Завершая текст последней главы «Очерков», П.И. Мельников подчеркнул «что в обряды, совершаемые мордвой в честь богини Анге-Патяй, вошло немало русских поверий и даже песен, тем более, что в настоящее время бóльшая часть мордовского населения, забыв свой язык, употребляет русский, даже и в языческих своих молитвах. Но нельзя отвергать, чтобы некоторые старинные мордовские религиозные обряды не перешли к русским» [52, c. 429].

А далее высказал новаторское для своего времени, хотя и достаточно спорное утверждение о тождественности дохристианской религии мордвы и языческих верований восточных славян. «Вообще древняя мордовская вера имела, кажется, большое сходство с языческою верой русских славян, если не была одна и та же. У русских, уже девятьсот лет принявших христианство, она совершенно забылась, но остатки её сохранились в разных обрядах, из которых многие трудно или вовсе невозможно объяснить. Мордва крещена не так давно, и еще помнит старинную свою веру. По сохранившимся у мордвы религиозным обрядам и по преданиям об их религии можно объяснять многие русские обычаи и обряды» [52, c. 430].

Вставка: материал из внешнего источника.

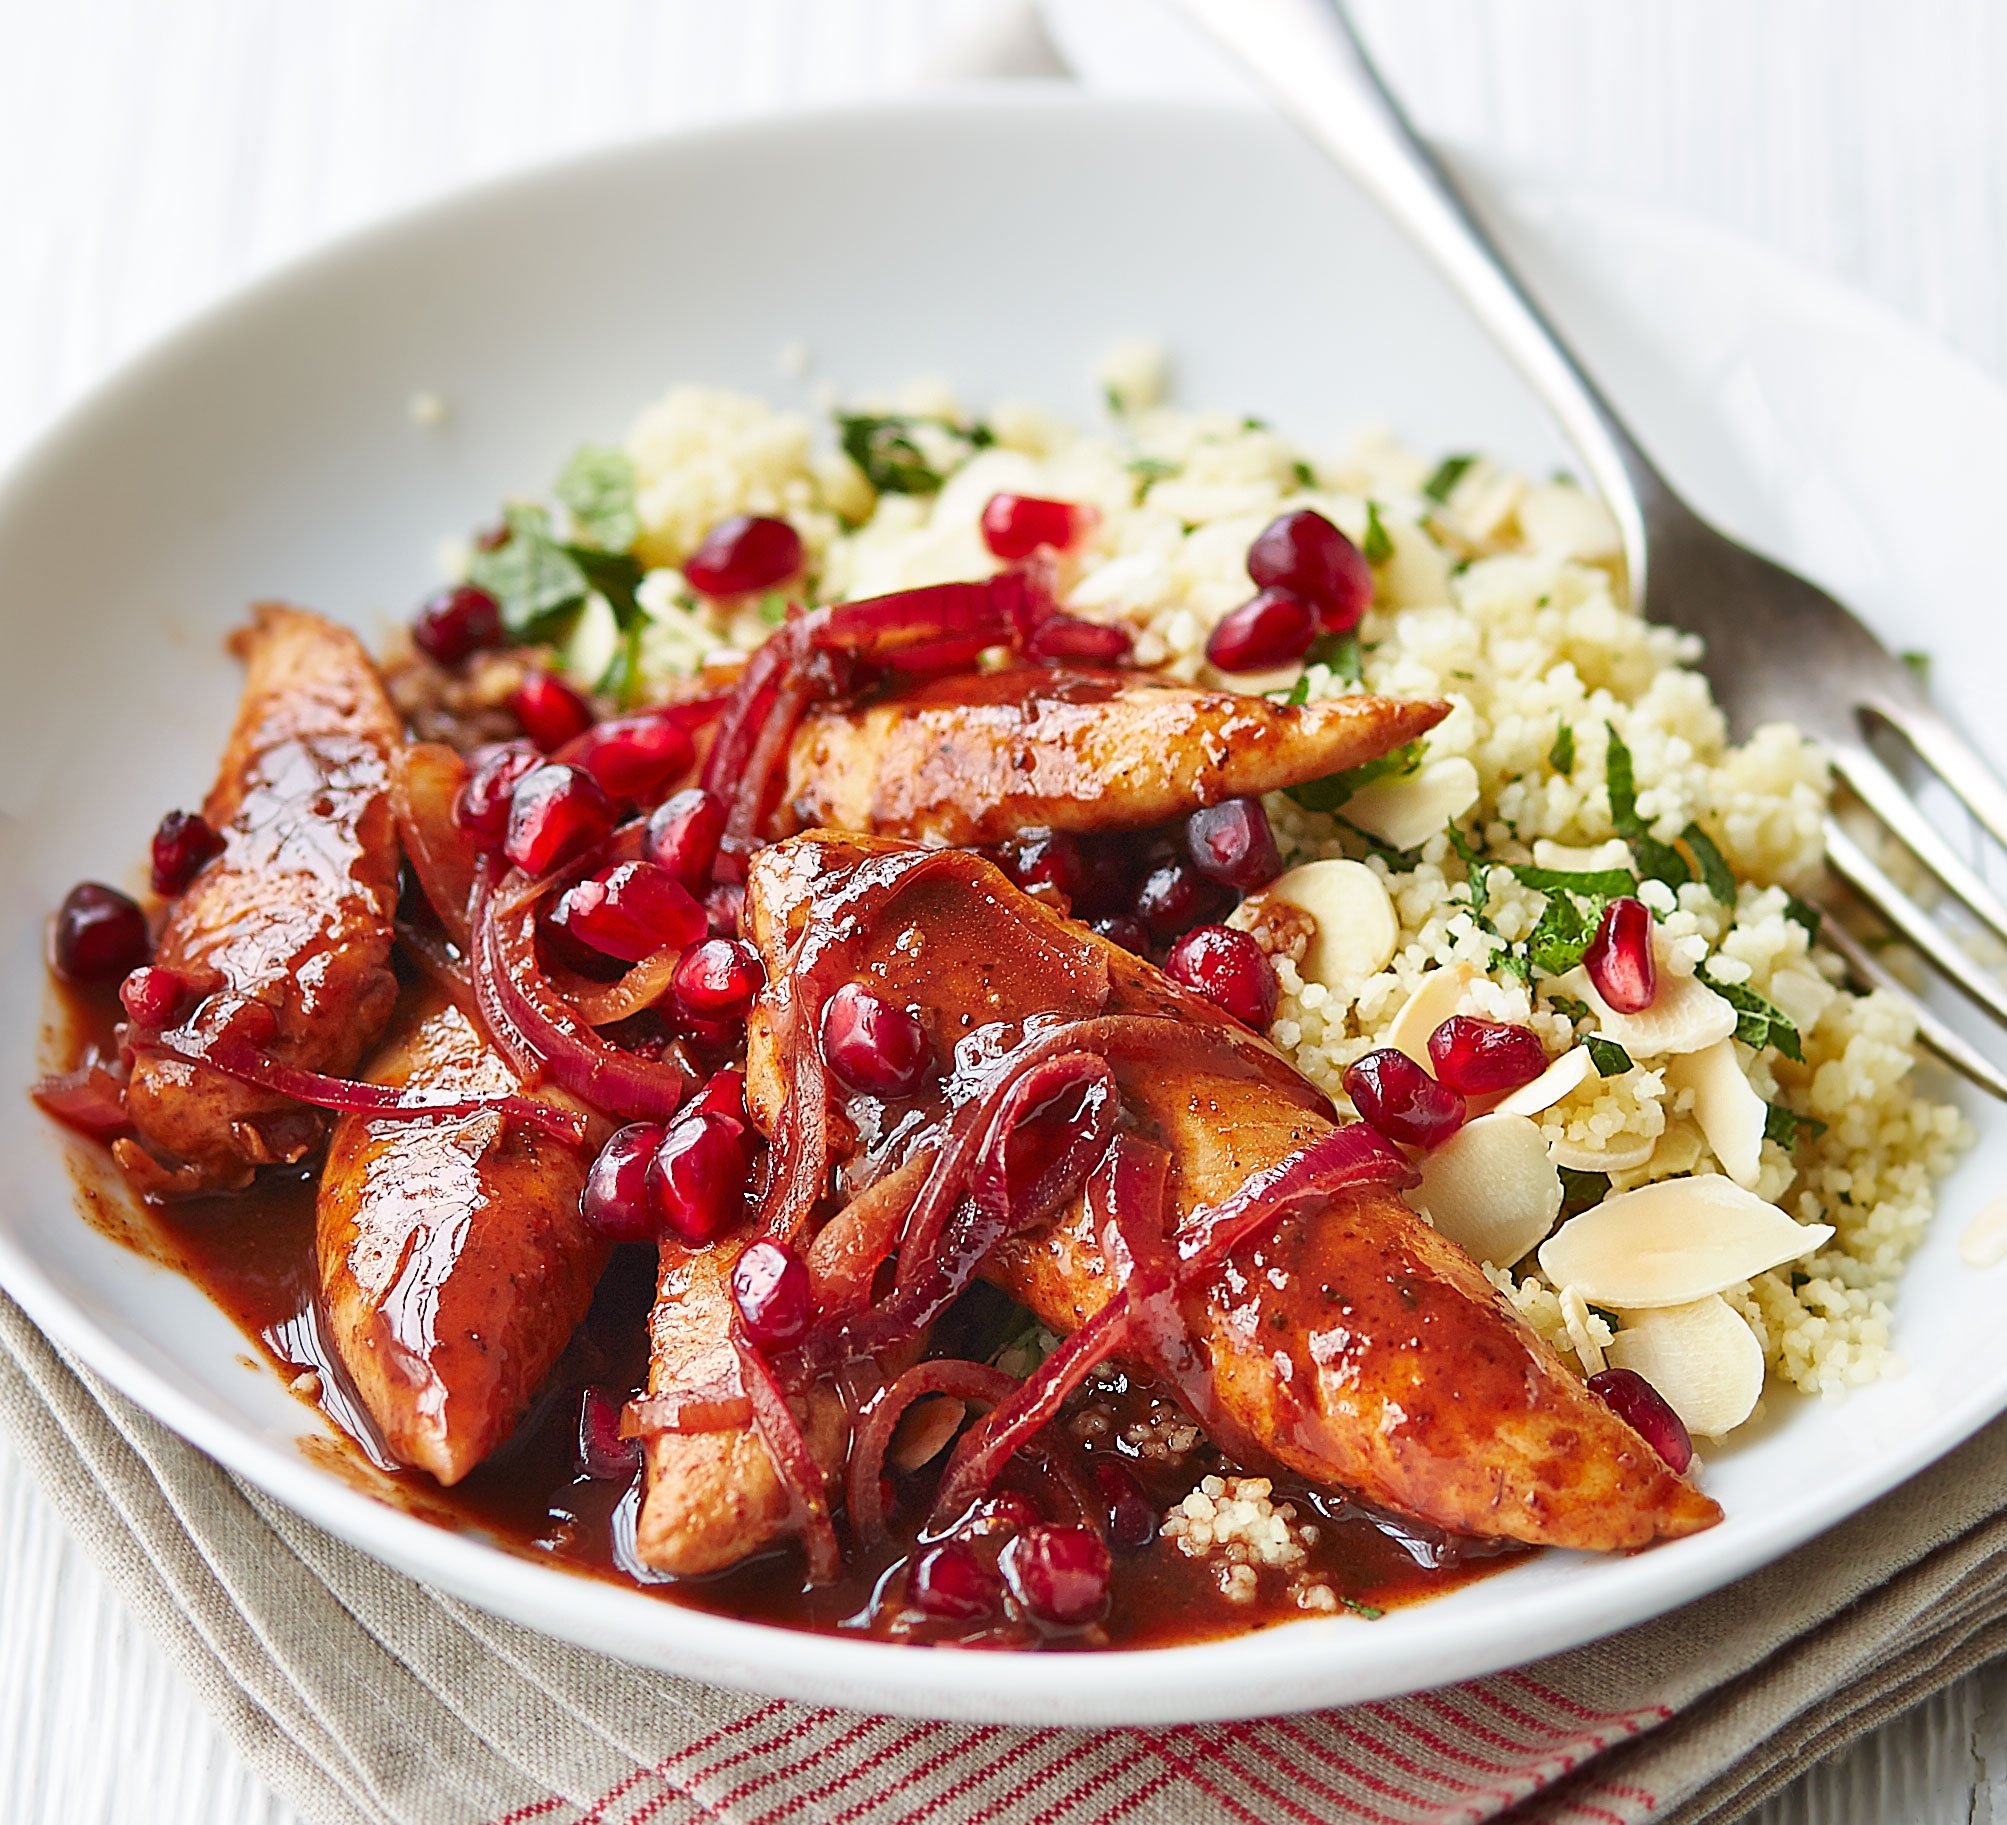 10 Fantastic Healthy Food Ideas For Dinner pomegranate chicken with almond couscous recipe bbc good food 3 2023

Постулируемый П.И. Мельниковым тезис о «русскости» мордвы объясняет и его подход к интерпретации летописного текста под 1071 г. Он воспринимает ярославских волхвов как представителей «полуобруселых» финских племен Верхнего Поволжья. Поэтому и сходство обряда сбора «припасов» для волостного моления с их ритуальными действиями, и сходство изложенного ими сюжета о сотворении человека с антропогоническими мифами, записанными у мордвы, являются для П.И. Мельникова не столько свидетельством в пользу «финской интерпретации» летописных событий, сколько подтверждением общности или близости (возникшей в ходе взаимного культурного обмена) религиозного мировоззрения финно-угров и славян в дохристианский период. Поэтому автор «Очерков мордвы» не стал продолжателем линии С.М. Соловьева, видевшего в выступлениях волхвов протестное религиозное движение финноязычных племен Северной Руси [см.: 81, c. 109, 113, 287; 82, c. 49, 51–52; 83, c. 20–22], но и не мог принять «узко-славянскую» версию «восстания 1071 г.», выдвинутую А.А. Потебней и А.Н. Афанасьевым [см.: 73, c. 290–294; 2, c. 506–509; 3, c. 75–77, 375–376]. П.И. Мельников искал новый подход к летописным сообщениям с точки зрения славяно-финских культурно-религиозных контактов.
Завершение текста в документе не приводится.